A rather informal event in its form, organized by the Czech Translation Team, will be hosted on Saturday, April 9, 2011, at the Student Facilities in Strahov (Strahov Dormitory Campus), Block 7, Prague (Areál kolejí Strahov, blok 7, Praha 6). See Google Maps.

We will start at 15:00 with the following talks:

  • Tomáš Bžatek & Tomeu Vizoso: GNOME 3 from users’ and developers’ perspective
  • Vojtěch Trefný: Unity as an alternative way
  • André Klapper: Release and bug management in GNOME (in English)
  • Petr Kovář: Czech localization

Visitors will be offered fresh Live USB Images running GNOME 3 based on Fedora. After the conference part (around 19:00), there will be a social event/informal meeting in a near pub.

There may be some further news from organizers regarding this event, so follow the appropriate Czech GNOME 3 Launch Party page, or this blog.

Come to visit us and join the GNOME 3 fun in Prague!

GNOME 3 Poster

Czech GNOME LUG nonsuccess

A member of the Czech GNOME community once had a promising idea to strengthen and organize user community in our country (and possibly also counting in people from the neighboring Slovakia) at a common place where interested visitors could find various information on the GNOME Project, and on what could be called as a GNOME software ecosystem, on its developers and, in particular, end users. This all provided in their local language, and considering needs and concerns of the local user group. It was nothing new, after all, we knew about similar local groups that have been very active in, e.g., Asia or Hispanic world.
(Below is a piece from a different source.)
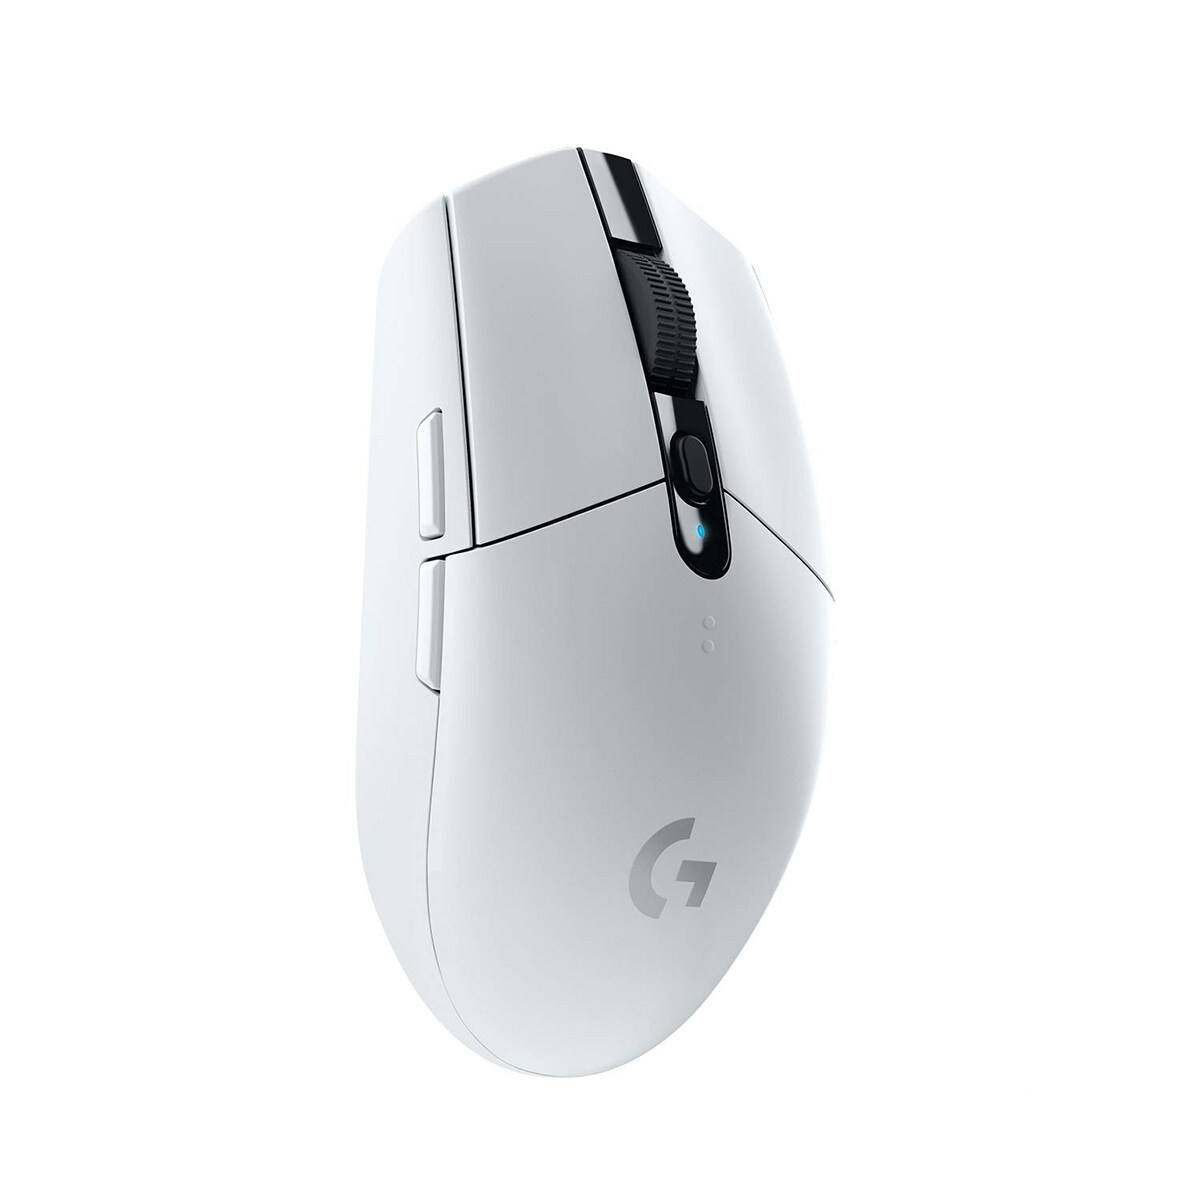 Logitech Wireless Gaming Mouse G304 with Lightspeed Wireless, 12k Hero Sensor, 6 Programmable Buttons, Lightweight, Logitech G-Hub Support (910-005284)

But contrary to the vital successful ones, the Czech group (or what was meant to be the Czech group) soon showed its limits. I assume that this GNOME LUG attempt failed mainly due to the quantitative factor: in a country with 10 million people, the FLOSS community may be seen as strong and vital enough, probably thanks in part to a distinct tradition of higher technical education (in the country that has been continuously attracting many ICT businesses from 90s on, including those well-known in the FLOSS world), but in the end, it showed that it’s not enough for an enthusiastic individual or a handful of people with interest in a minority software to be able to form an organized group.
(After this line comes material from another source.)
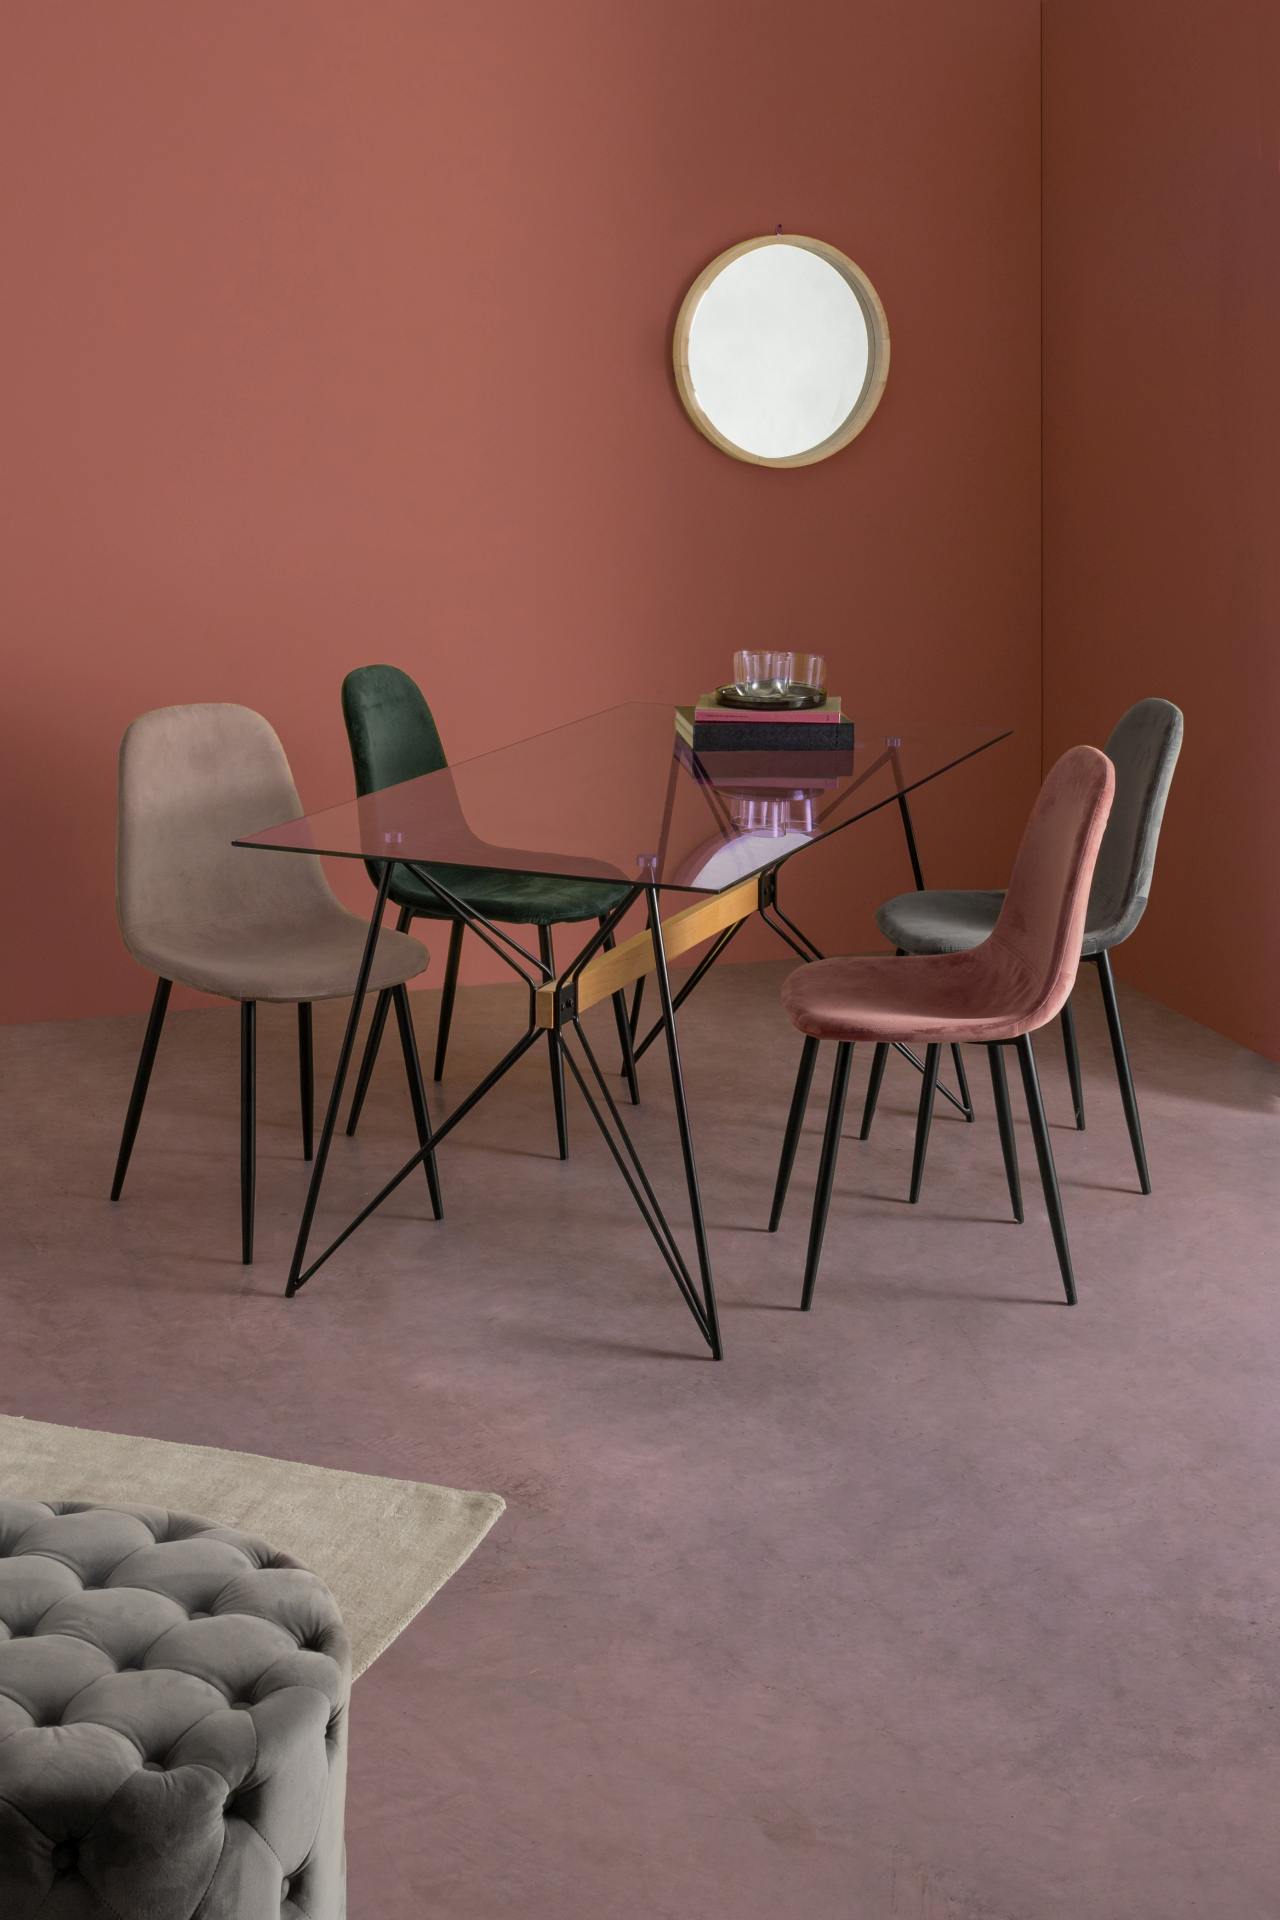 Der Esszimmerstuhl Irelia überzeugt mit seinem modernem Design. Gefertigt wurde der Stuhl aus einem Samt-Bezug, welcher einen Taupe Farbton besitzt. Das Gestell ist aus Metall und ist schwarz. Die Sitzhöhe beträgt 47 cm.

Instead of that, Czech and Slovak people who want to read or communicate about FLOSS tend to frequent two or three major Czech FLOSS-oriented websites with a standard set of social networking services. In addition to that, the only viable FLOSS websites beside the major ones are those aimed at “downstream” projects, i.e. distributions, operating systems or productivity software end-user support. This might be a significant drawback for upstream and much more “generic” projects like GNOME in general: users are aware of the distribution they are running, but they don’t know much about exactly what desktop environment they use. Nor they seem to care that much, after all.

So to make long story short, we had (and still have, for what it’s worth) a LUG-supporting website, but we quickly learned that such a website is merely unable to attract its potential users. That being said, for our Czech case, it wasn’t very helpful, either, that the project was planned and realized more or less as a one-man-show, with its primary and sole author not allowing website visitors to actively participate on and contributing to website content, thus making it hardly interactive, making it less like what many call Web 2.0 nowadays.

The author was ultimately able to work on the website for less than a year, from Summer 2008 to April 2009, with the last published news commenting the GNOME 2.26 release. Since then, the website has been dead as in never coming back.